Thanks DWG. I appreciate the comments. These help further things some.
Let me provide more context. After you read this DWG, could you please comment some more as to where the stage might be as to what is being talked about here? From an interview with Paul Czysz, as conducted by Tim Ventura, a long while back (prior to 2013). This is about one of the McDonnell Douglas hypersonic programs.
URL link to the main section: https://medium.com/@timventura/paul-czysz-on-hypersonic-aircraft-suborbital-spaceplanes-92ed10537ee6.
"...
No, no — we didn’t actually lose test-pilots — I was referring to the aerodynamics during training in a hypersonic flight simulator. The bottom of the aircraft in a Mach 8 to 12 scramjet is the engine. Now the way you get an engine to put out more thrust is to increase the capture area of the engine — that’s how you get the variable capture inlet area on the F-15 — you can control the thrust level potential by controlling the airflow to the engine.

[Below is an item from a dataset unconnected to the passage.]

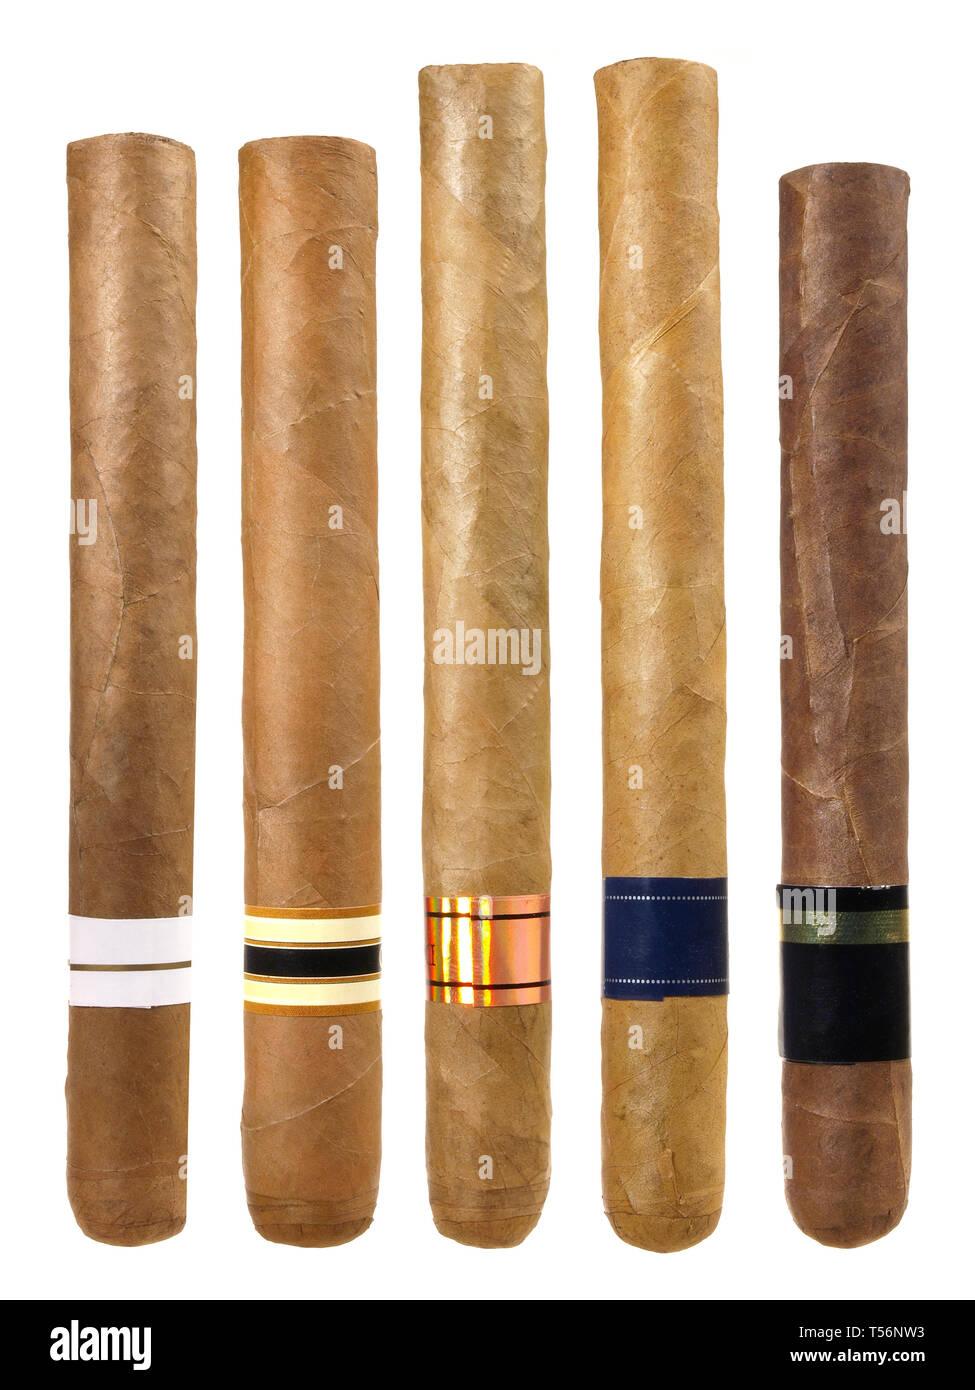 Various Cigars on white Background - Stock Image

So if you have a scramjet vehicle, and you want to increase the thrust of it, you have to increase its angle of attack — not by much, only by about 2 or 3 degrees. Nevertheless, as you advance the throttle, the nose comes up, and that’s very counterintuitive to a pilot, who will think that the nose coming up when you advance the throttle means that there’s something wrong.

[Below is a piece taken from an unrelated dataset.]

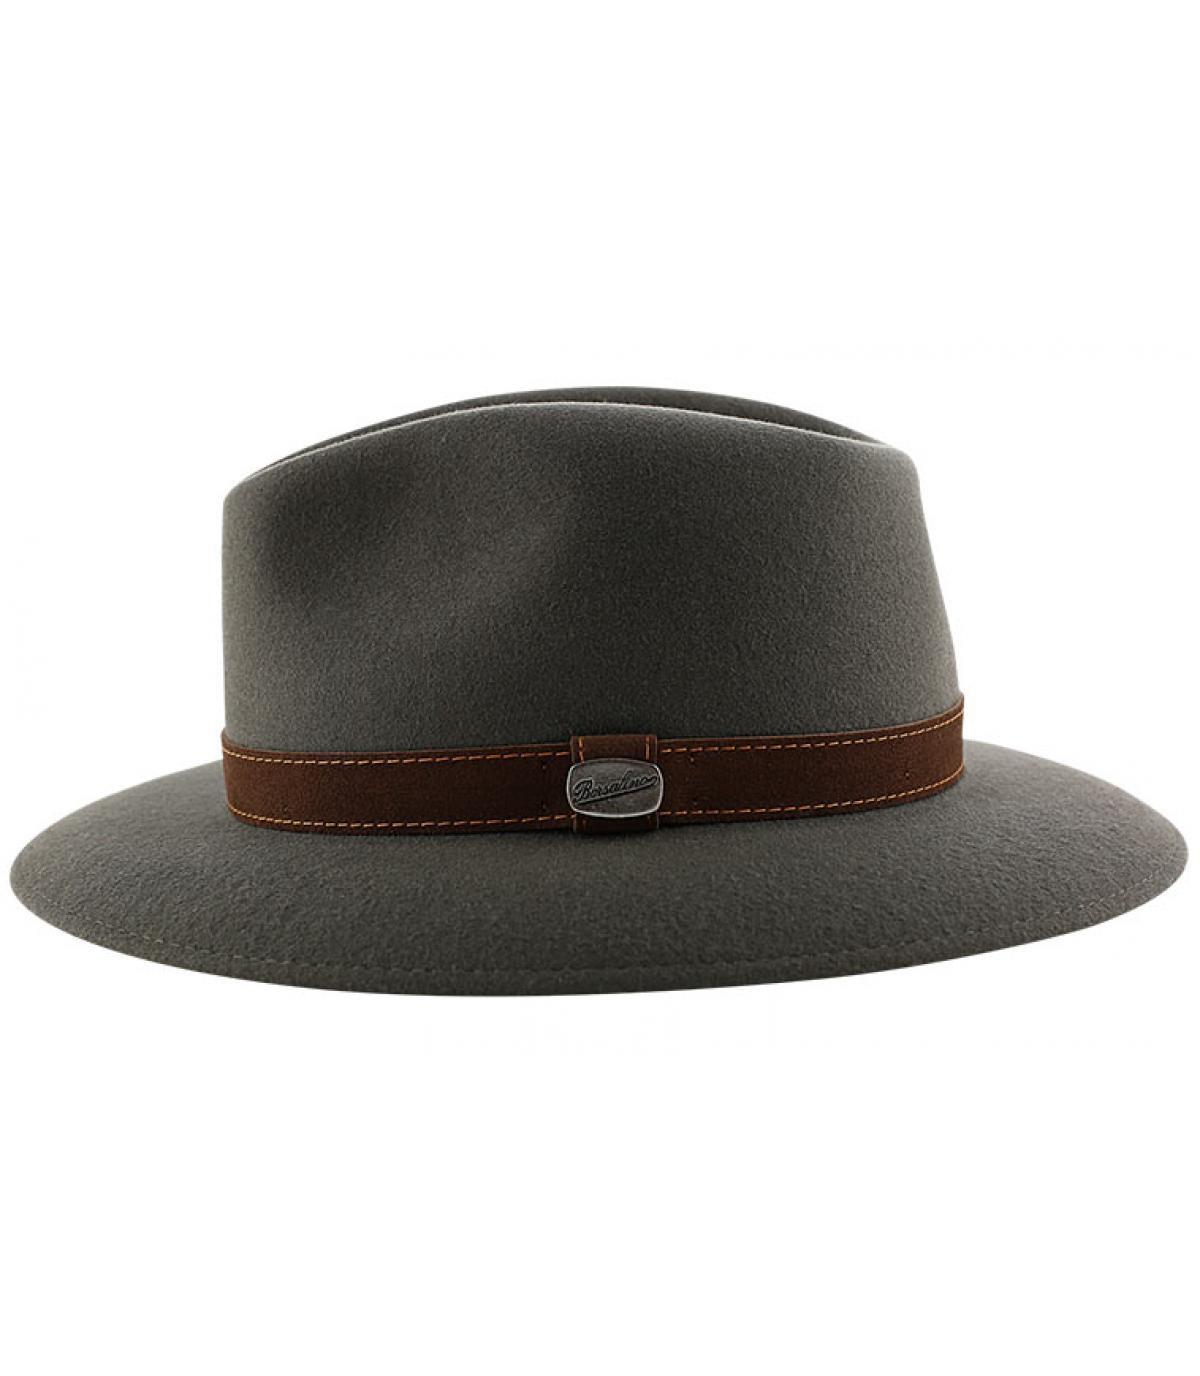 Details Alessandria grey fur felt hat - Abbildung 4

So in the simulator, these pilots were not pulling up, but they were advancing the throttle. Again, in order to get more thrust out of a ram-compression engine you have to increase the capture area, and the way that you increase the capture area is to pull the nose up — and since the whole bottom of the aircraft is the engine, it increases its capture area.
..."
Based on this meager amount of information DWG, where do you think the simulators that are mentioned were coming in at in the vehicle's development?